Scalable and Differentially Private Distributed Aggregation in the Shuffled Model
Badih Ghazi, Rasmus Pagh, Ameya Velingker
TL;DR
The paper advances differential privacy in the shuffled model by introducing the Invisibility Cloak protocol, which encodes each input $x_i$ into a set of $m$ random-looking numbers whose sum recovers the input, enabling private aggregation with polylogarithmic communication and error under two DP neighbor notions. It proves DP guarantees for both sum-preserving and single-user changes, using a two-player reduction, gamma-smoothness lemmas, and a zero-sum noise mechanism that cancels in aggregation. The main contributions are a near-optimal trade-off: under sum-preserving changes, worst-case error can be driven to $2^{-m}$ with $m$ messages per user, and under single-user changes, expected error scales as $O\left(\frac{1}{\varepsilon}\sqrt{\log\frac{1}{\delta}}\right)$ with per-user communication $O\left(\log\left(\frac{n}{\varepsilon\delta}\right)\right)$ messages of size $O\left(\log\left(\frac{n}{\delta}\right)\right)$ bits.
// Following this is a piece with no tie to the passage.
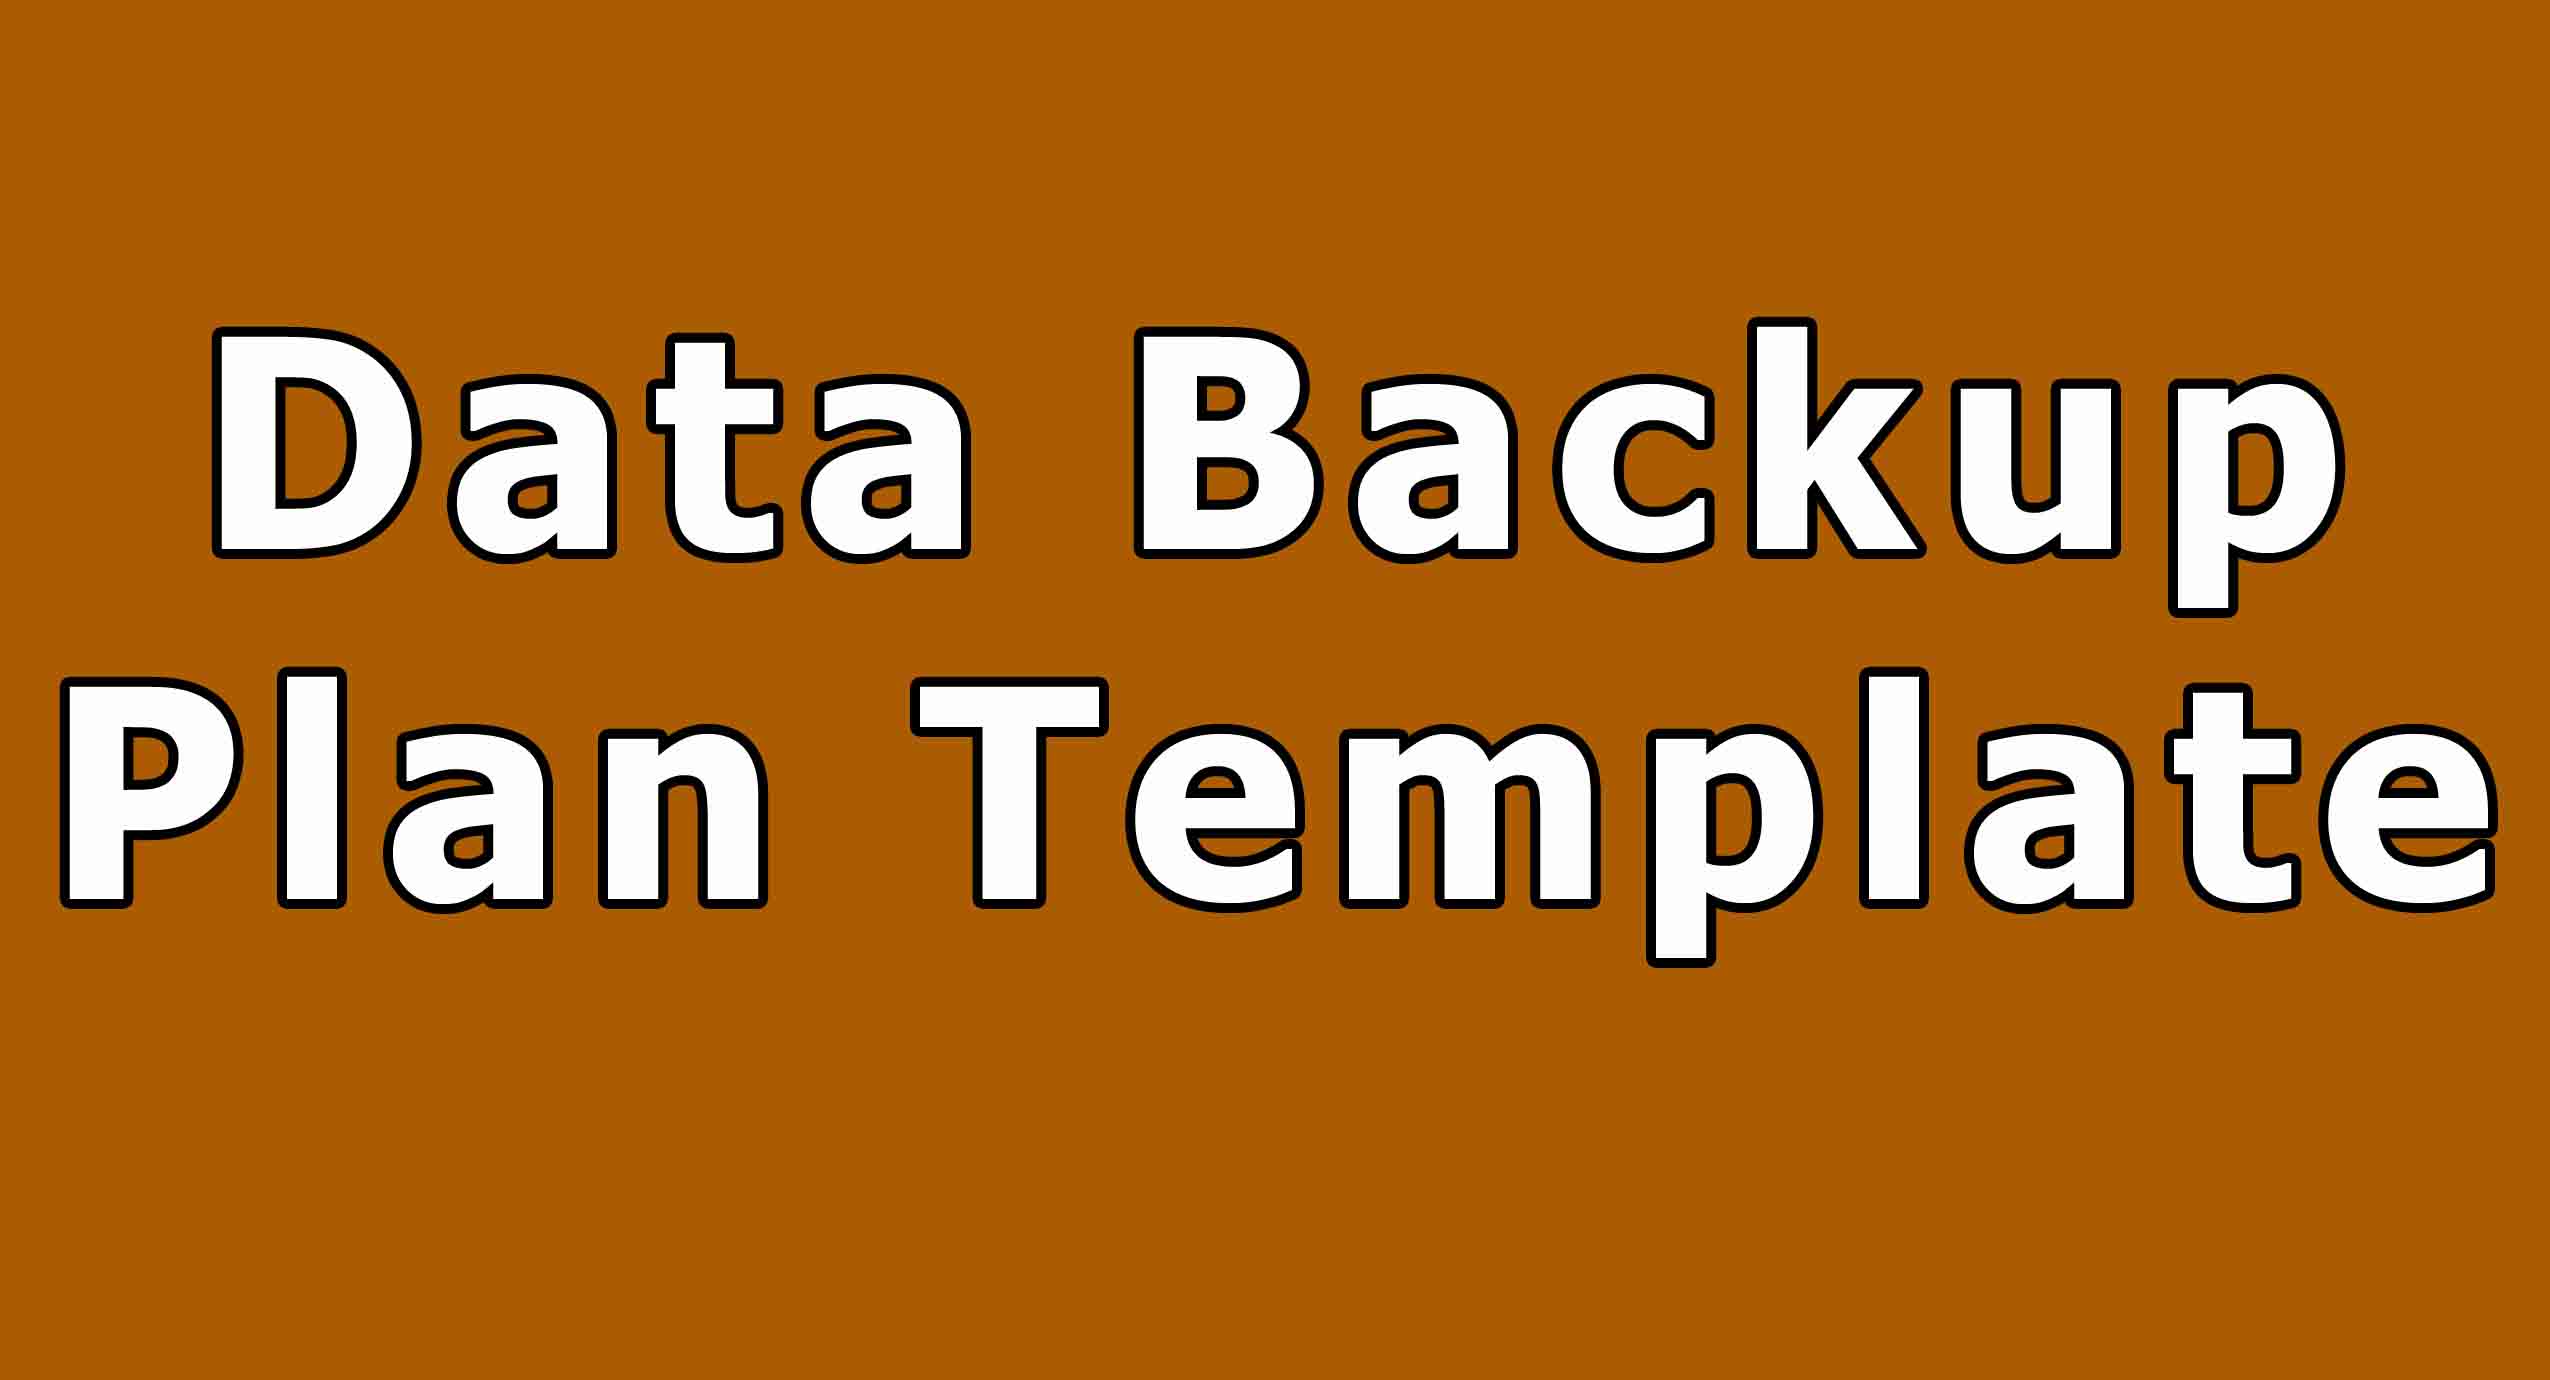 Data Backup Plan Template

The work also analyzes resilience to colluding users and connects to federated learning and sketch-based private analytics, highlighting practical implications for scalable, privacy-preserving distributed computation. Overall, it strengthens the shuffled-model paradigm as a viable middle ground between local DP and MPC for private aggregation in large-scale distributed settings.
Abstract
Federated learning promises to make machine learning feasible on distributed, private datasets by implementing gradient descent using secure aggregation methods. The idea is to compute a global weight update without revealing the contributions of individual users. Current practical protocols for secure aggregation work in an "honest but curious" setting where a curious adversary observing all communication to and from the server cannot learn any private information assuming the server is honest and follows the protocol. A more scalable and robust primitive for privacy-preserving protocols is shuffling of user data, so as to hide the origin of each data item. Highly scalable and secure protocols for shuffling, so-called mixnets, have been proposed as a primitive for privacy-preserving analytics in the Encode-Shuffle-Analyze framework by Bittau et al., which was later analytically studied by Erlingsson et al. and Cheu et al.. The recent papers by Cheu et al., and Balle et al. have given protocols for secure aggregation that achieve differential privacy guarantees in this "shuffled model". Their protocols come at a cost, though: Either the expected aggregation error or the amount of communication per user scales as a polynomial $n^{Ω(1)}$ in the number of users $n$. In this paper we propose simple and more efficient protocol for aggregation in the shuffled model, where communication as well as error increases only polylogarithmically in $n$. Our new technique is a conceptual "invisibility cloak" that makes users' data almost indistinguishable from random noise while introducing zero distortion on the sum.